Amgen announces approval of TEPEZZA to treat CAS or TED in Japan

Amgen announced TEPEZZA has been approved for the treatment of active or high clinical activity score, or CAS, Thyroid Eye Disease, or TED, by Japan’s Ministry of Health, Labour and Welfare, or MHLW. TED is a serious, progressive and potentially vision-threatening rare autoimmune disease that can cause proptosis, or eye bulging, diplopia, or double vision, eye pain, redness and swelling. There are approximately 25,000 – 35,000 people living with TED in Japan, inclusive of both active and chronic TED. TEPEZZA is now the first and only medicine approved in Japan to treat active TED. A separate trial to study the efficacy of TEPEZZA in chronic TED patients in Japan is currently ongoing.
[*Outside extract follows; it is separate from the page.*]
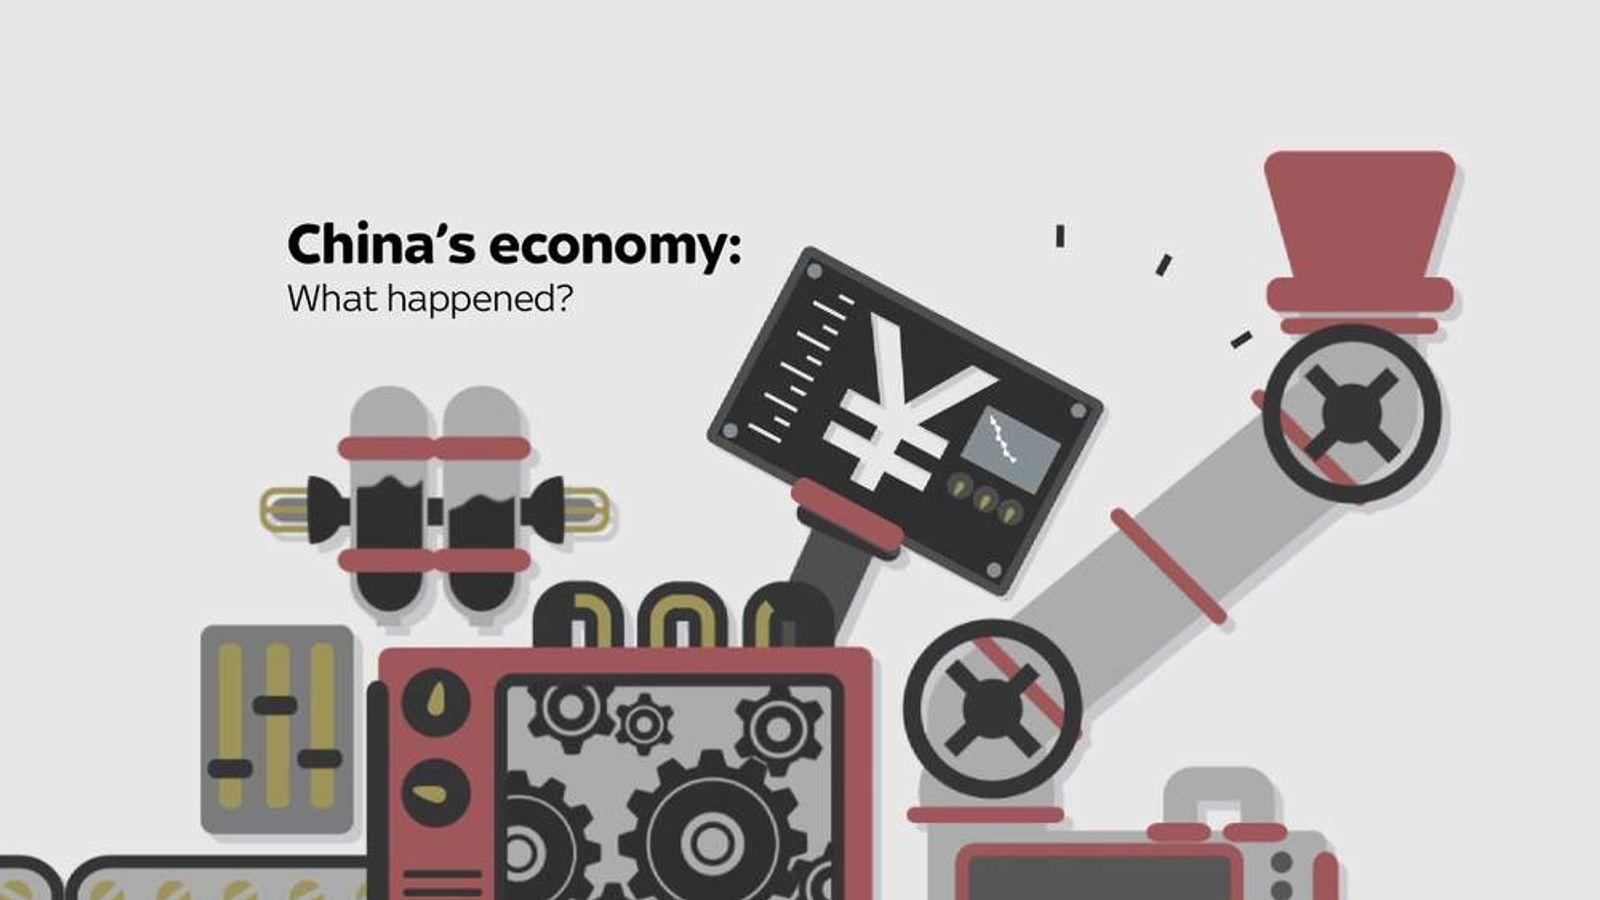 China's economy: What happened?

TEPEZZA received orphan drug designation in Japan, which provided a nine-month regulatory review period compared to the standard 12-month review. The approval was based on the positive results of OPTIC-J, a Phase 3 randomized, double-masked, placebo-controlled, parallel-group, multicenter study evaluating the efficacy, tolerability and safety of TEPEZZA in the treatment of patients with active TED in Japan. The primary endpoint in the trial was met, as 89% of patients treated with TEPEZZA had a clinically meaningful improvement in proptosis compared with placebo at week 24.